O enredo central do romance é a violenta paixão de Amaro, o Bom Crioulo, por Aleixo,
jovem grumete embarcado em Santa Catarina. Loiro de olhos azuis, o belo adolescente
torna-se objeto de preocupações e ciúmes de Amaro, cada vez mais torturado pela idéia
de que o menino pudesse ceder aos caprichos de algum oficial. Até então um homem
casto — mantendo-se “longe de intriguinhas e fingimentos de mulher” — Amaro não
desgruda o olhar nem o pensamento de Aleixo, cercando-o de atenções, cuidados e
mimos. Em meio à vigilância e à brutalidade dos oficiais, sempre dispostos a castigar o
menor desvio com chibatadas, Bom Crioulo faz de Aleixo um amigo querido, um
protegido. Mas sonha, de olhos abertos, em tê-lo como amante. Contra as rígidas
normas da Marinha, contra as “leis da natureza”, contra a “infância inocente” de Aleixo,
Bom Crioulo trama. E até o fim do romance, faz ouvir a voz única de seu desejo,
debatendo-se, como numa tragédia grega, contra a fatalidade das leis e do destino.
O que esperar de uma situação como esta? Que vida pode dar-se um negro fugido, numa
ordem escravista? O que pode fazer valer de seus direitos, e mais ainda de seus desejos?
O que pode um “marinheiro rude e analfabeto” contra oficiais cultos e refinados? Que
destino pode ter um impulso que aproxima um homem de outro, um negro de um
branco, um homem feito de um garoto? Sejam quais forem as respostas, enfrentamentos
tamanhos dificilmente escaparão à crueza e à maldição. E permanecerão estranhamente
atuais por muito tempo, como tudo que está “perto do coração selvagem” da vida.

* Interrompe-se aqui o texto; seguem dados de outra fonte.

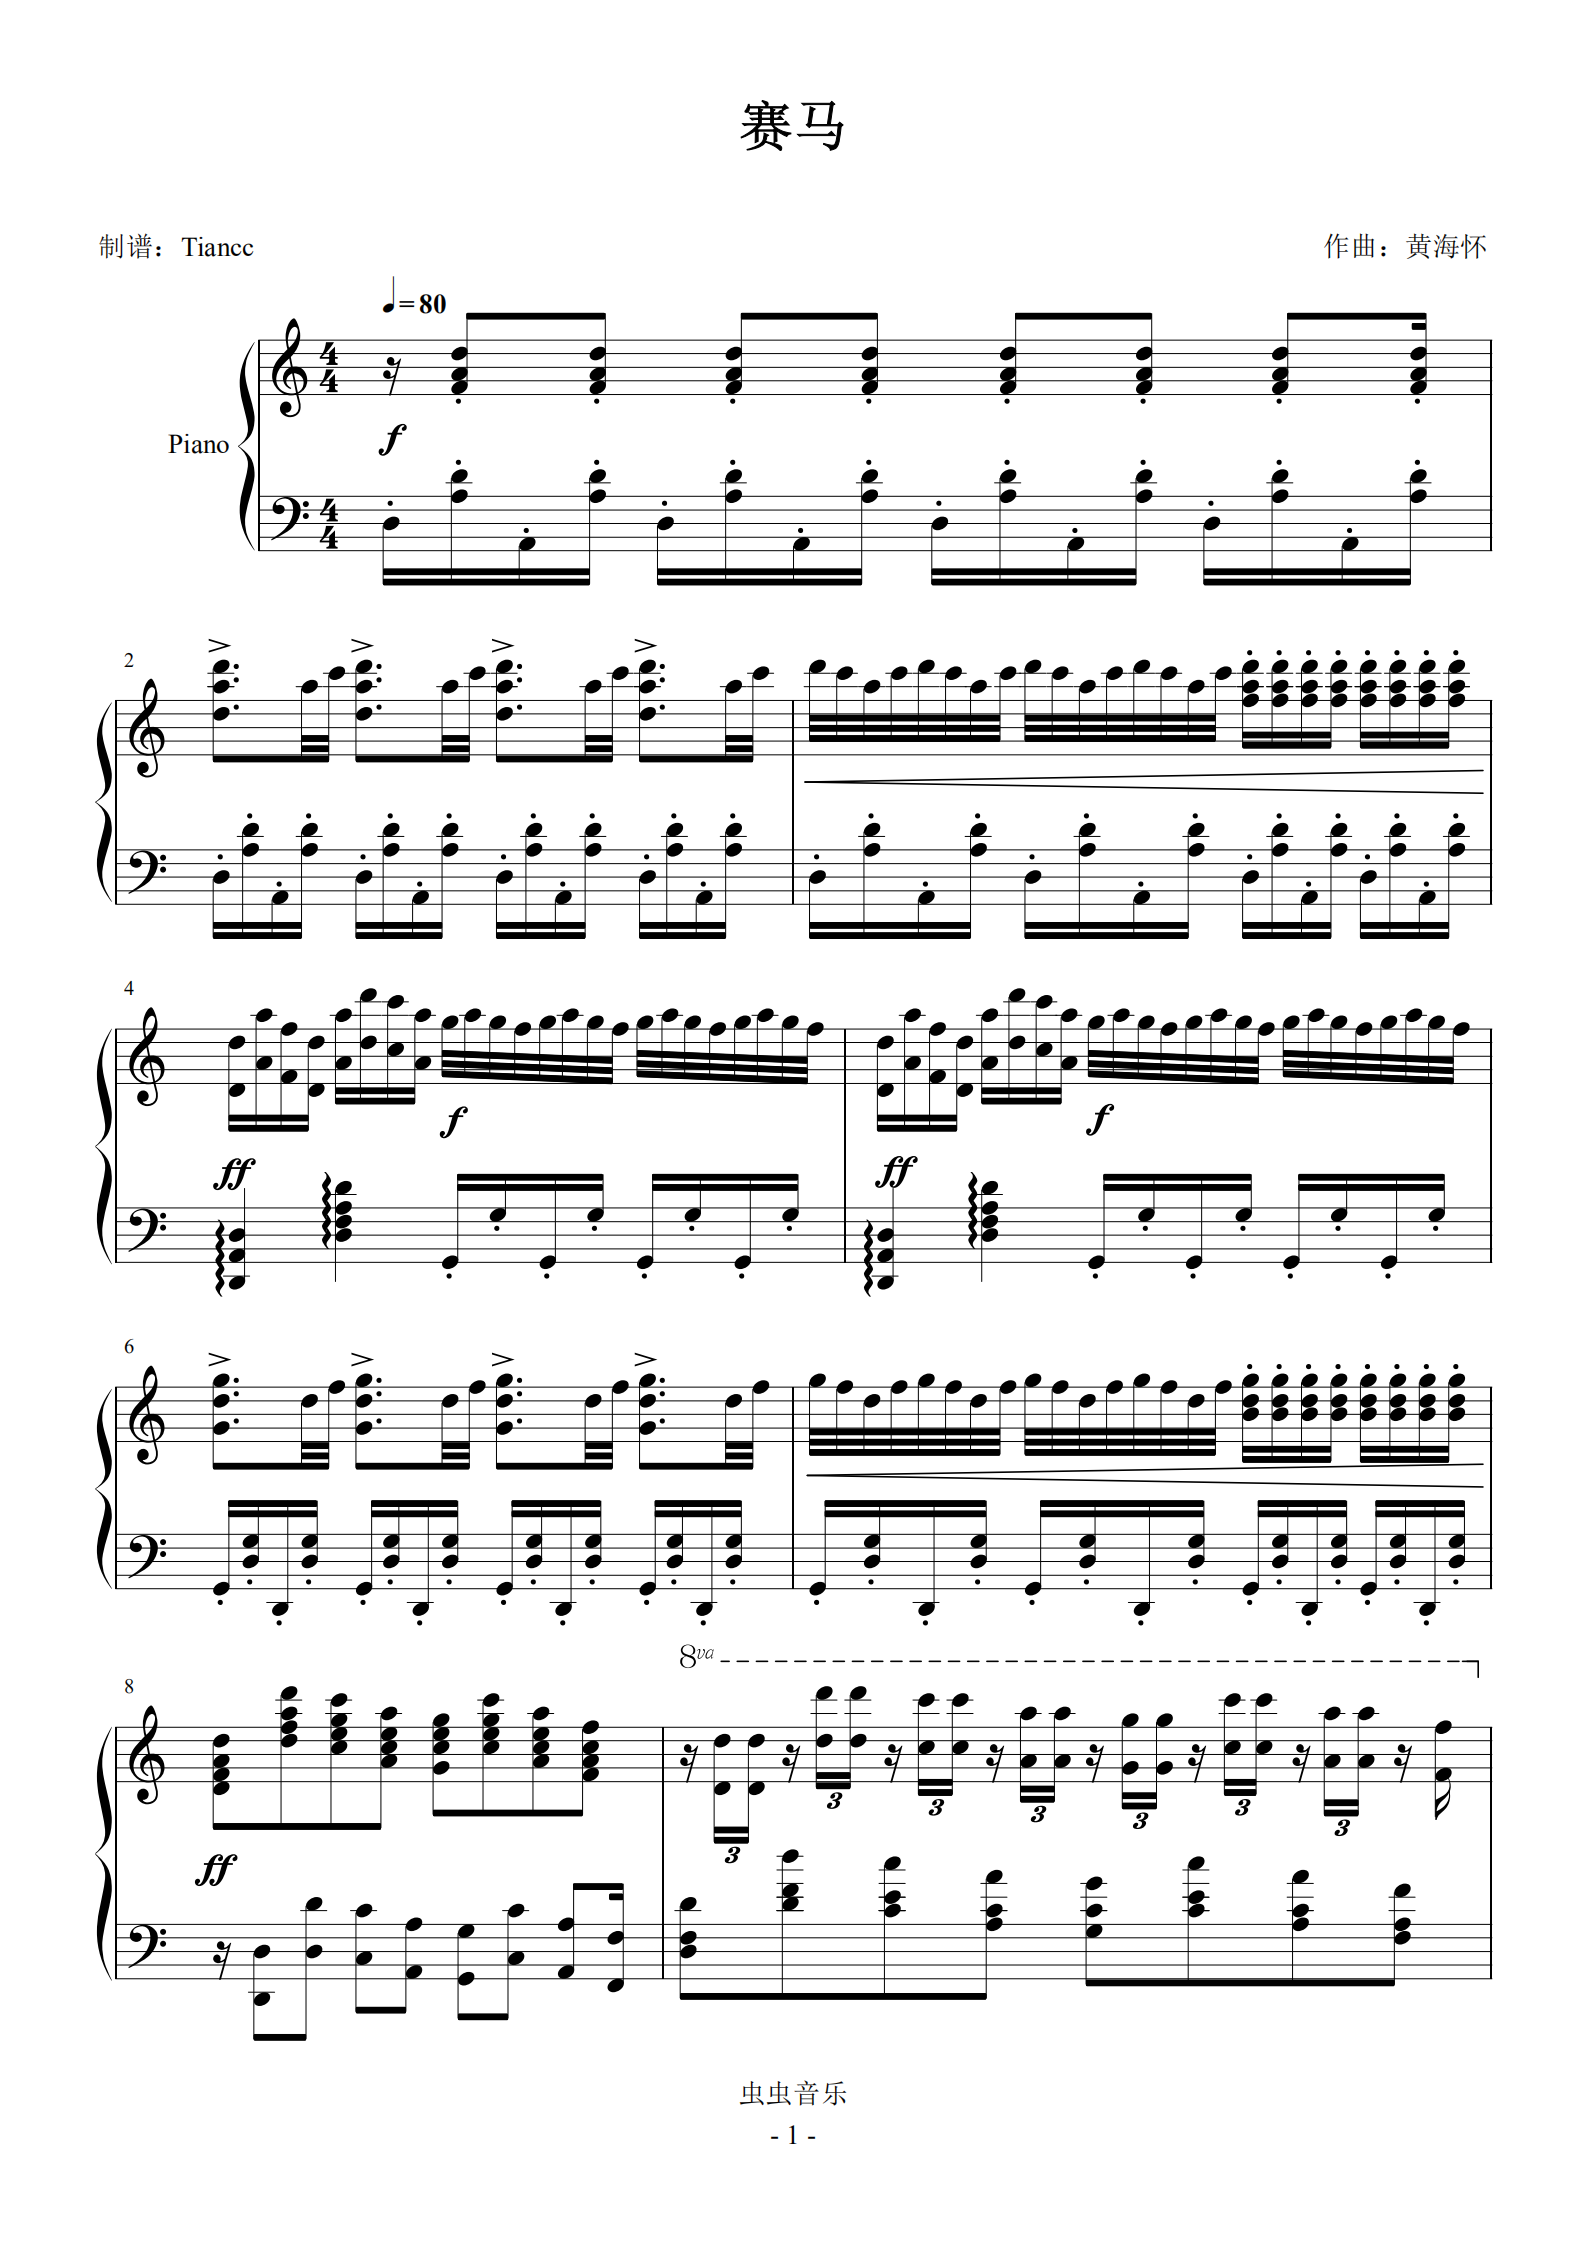 中国名曲《赛马》钢琴谱 - 打谱啦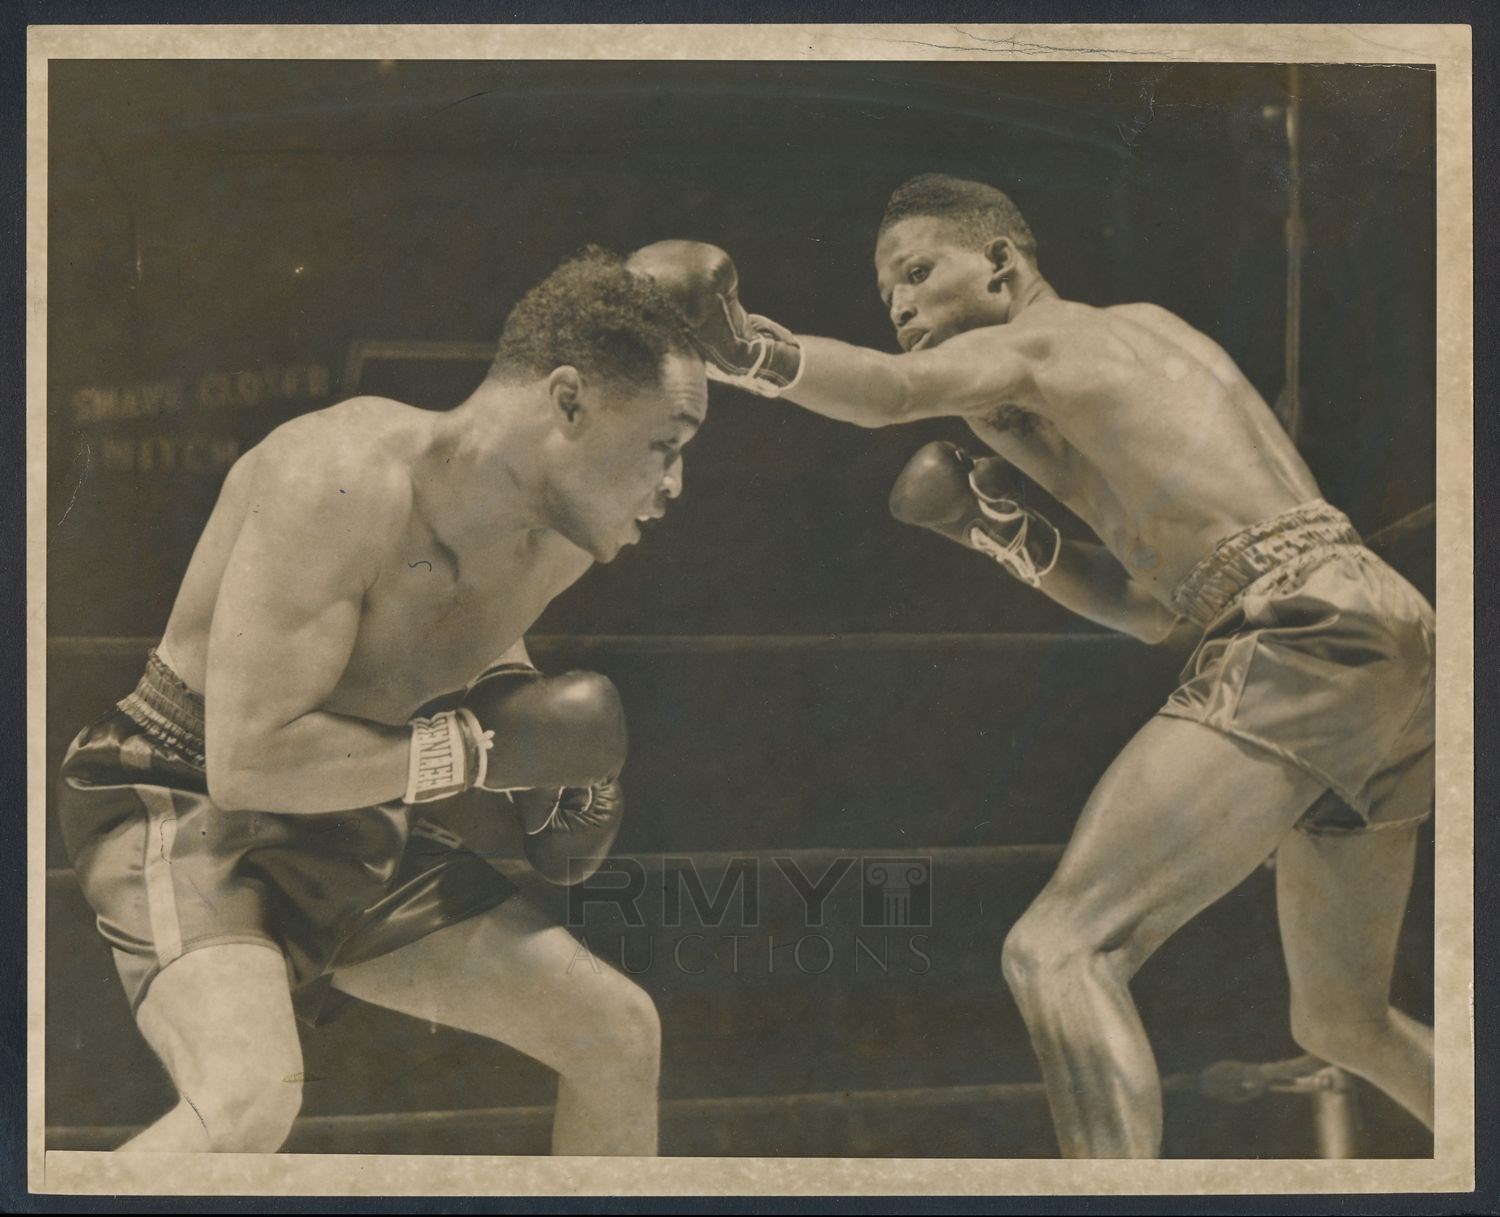 Hace 75 años: Los DOS mejores boxeadores libra por libra en la historia pelearon en Nueva York Item_30124_1

Boa parte da força e da eficácia de “Bom Crioulo” está no manejo lúcido que o autor faz
desses conflitos, escolhendo o quê, quando e como contar deste verdadeiro enredo de
notícia de jornal sensacionalista. A narrativa é simples e direta, mas tem as suas
manhas: não entrega o jogo facilmente, cria suspenses, vai e volta no tempo, de modo a
dar a cada momento, a cada situação, a sua atualidade e a sua história, o seu
desenvolvimento próprio. Assim, o enredo central se desdobra em alusões a muitas
outras histórias; e o dia-a-dia do século XIX brasileiro se insinua a cada passo, fazendo
ecoar as falas e as ações das personagens centrais. A seu modo, assim como “O Mulato”
ou “O Cortiço”, livros de Aluísio Azevedo historicamente próximos, “Bom Crioulo”
traça um interessante painel do Brasil da segunda metade do século XIX.

Algumas cenas, como a que abre o romance, com o navio da marinha em que Amaro
servia navegando garbosamente os mares, ou mesmo as cenas de punição a bordo, têm
grande poder de sugestão: surgem inteiras diante de nossos olhos, como uma tela que
lentamente se desdobra. Em outros casos, como o da cena final, a dramaticidade e o
movimento dão o tom: os personagens parecem agir à nossa frente, como num teatro;
quase podemos participar da ação.

Por esses e outros traços de sua composição e de seu estilo, “Bom Crioulo” se comporta
como um cinema falado. Em mãos de um diretor sensível e talentoso, certamente
renderia um belo filme. No olhar do leitor atento, renderá momentos de perplexidade,
inconformismo e indignação. Ingredientes necessários, todos esses, à leitura solidária
que Adolfo Caminha nos propõe, convidando-nos à crítica e à compreensão.